INPUT DATA
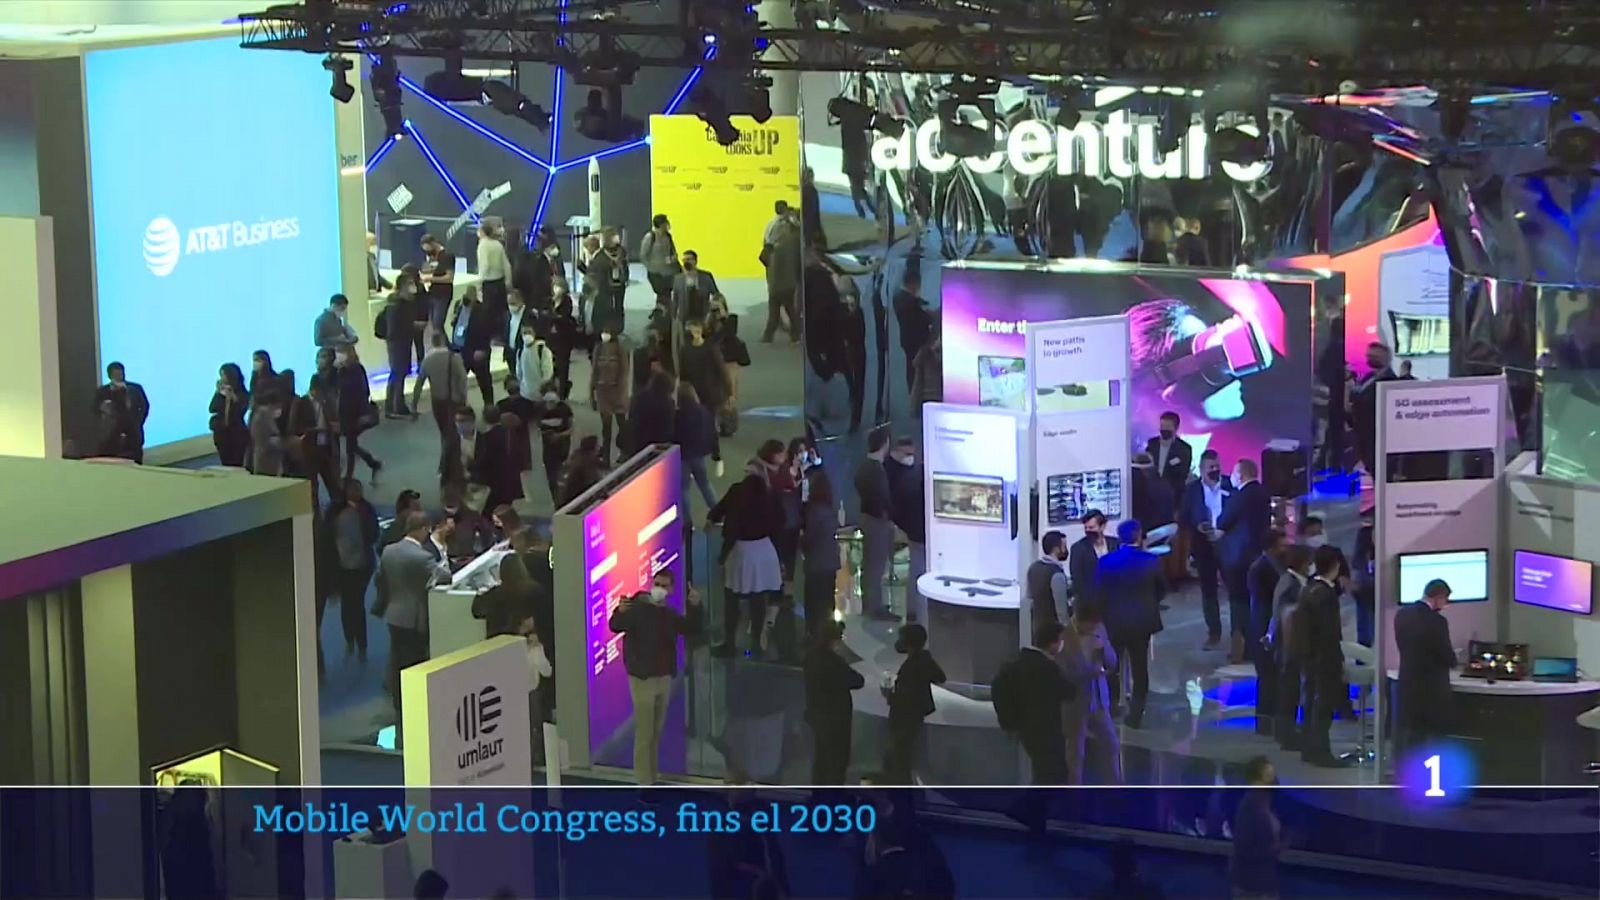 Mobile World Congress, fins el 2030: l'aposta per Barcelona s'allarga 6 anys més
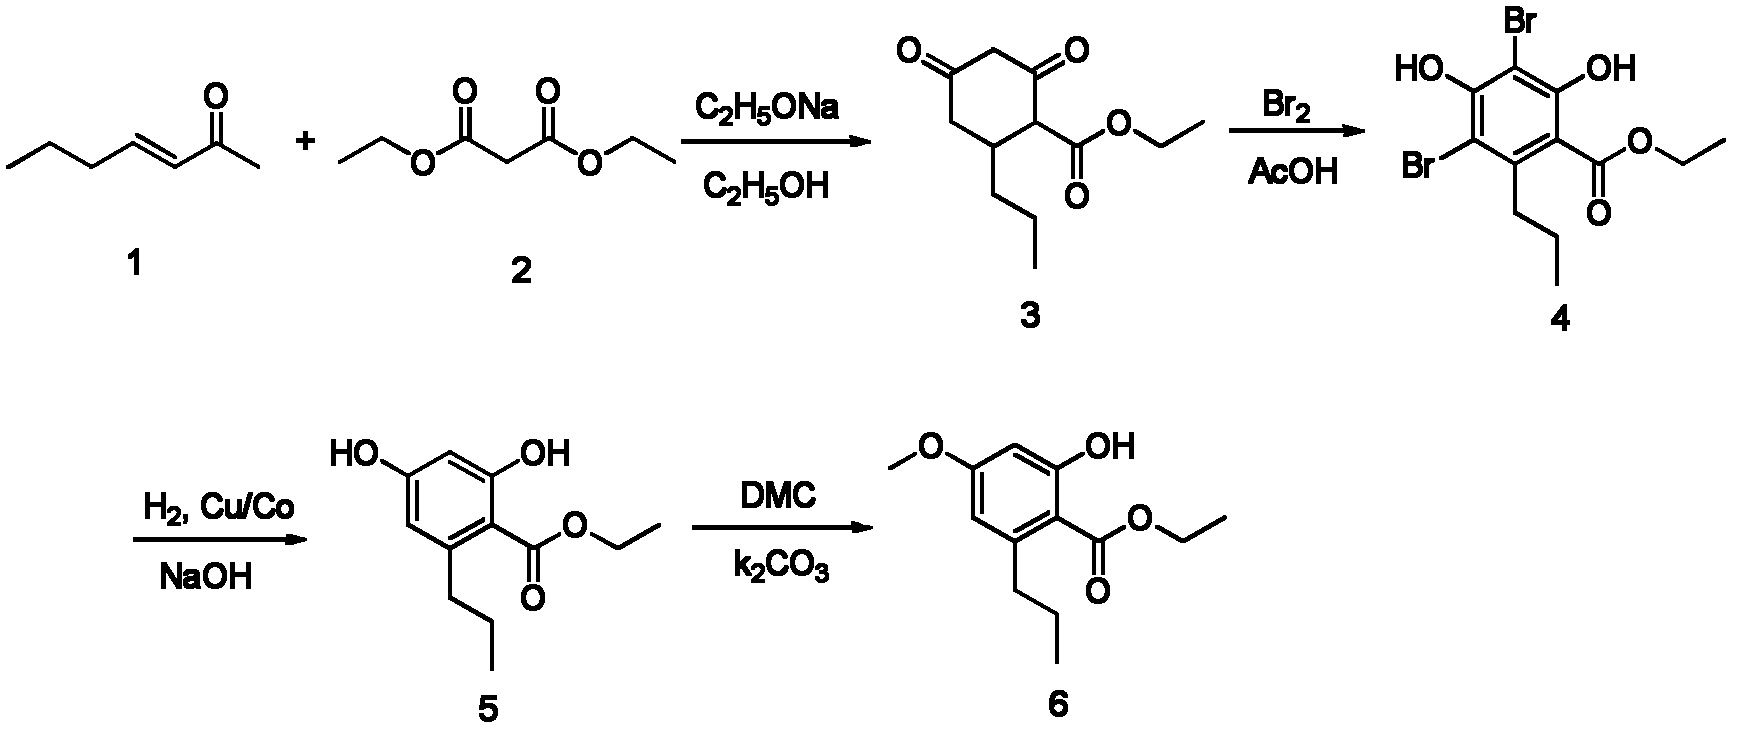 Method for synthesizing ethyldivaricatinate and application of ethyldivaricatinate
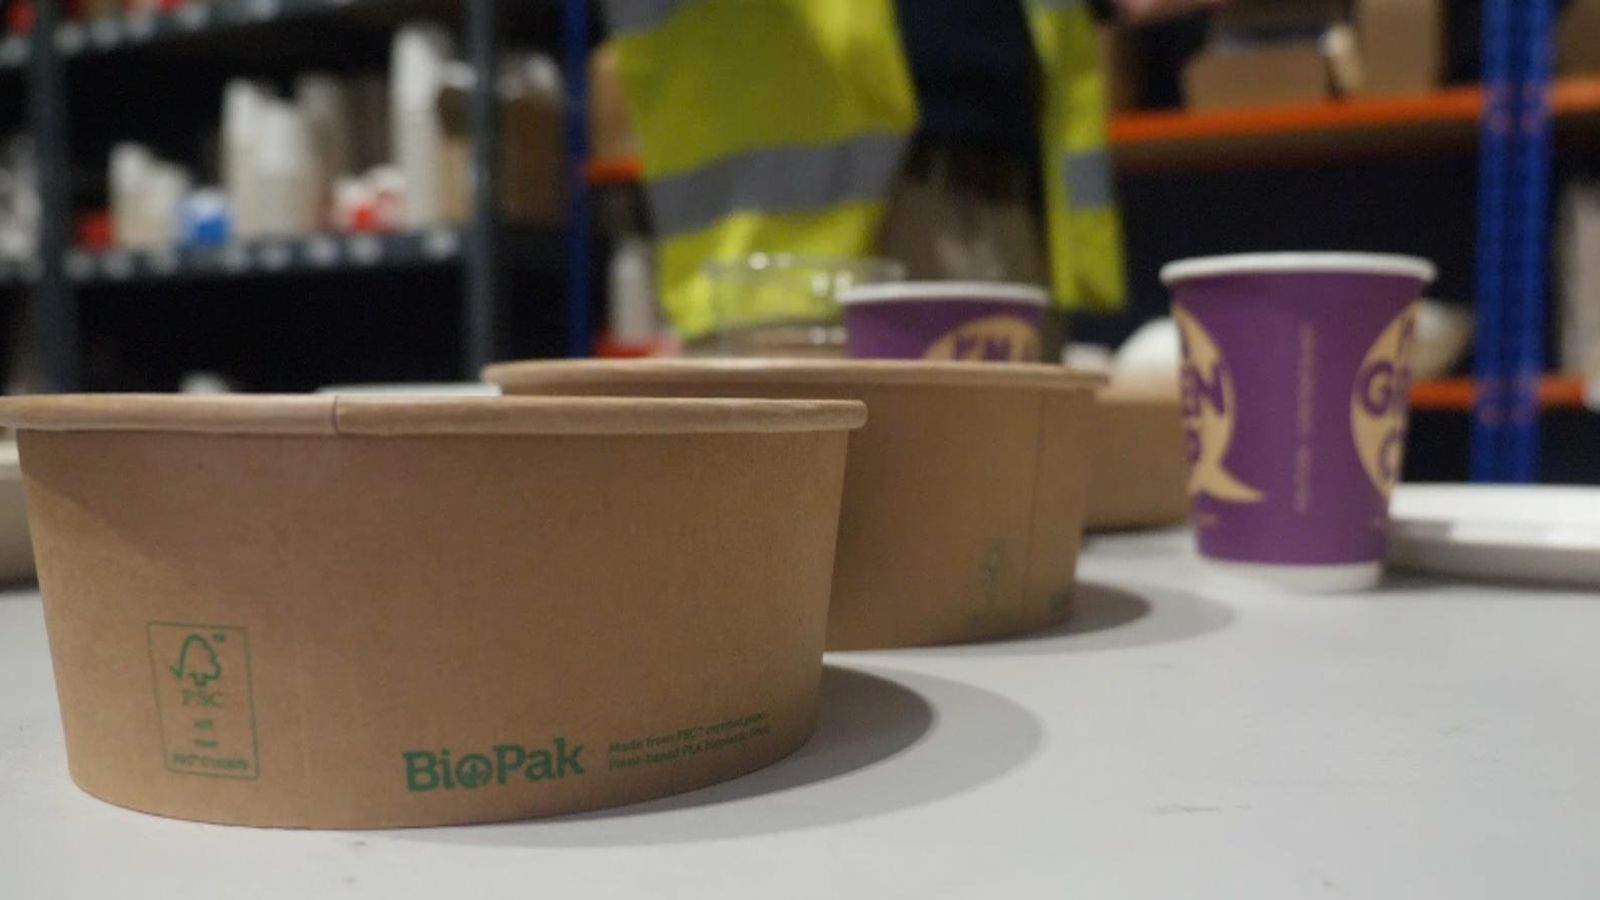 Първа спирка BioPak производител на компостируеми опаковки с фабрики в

ABOUT THIS TASK
Output the data exactly, pictures omitted.

THE COMPLETED TASK
 Mobile World Congress, fins el 2030: l'aposta per Barcelona s'allarga 6 anys més
 Method for synthesizing ethyldivaricatinate and application of ethyldivaricatinate
 Първа спирка BioPak производител на компостируеми опаковки с фабрики в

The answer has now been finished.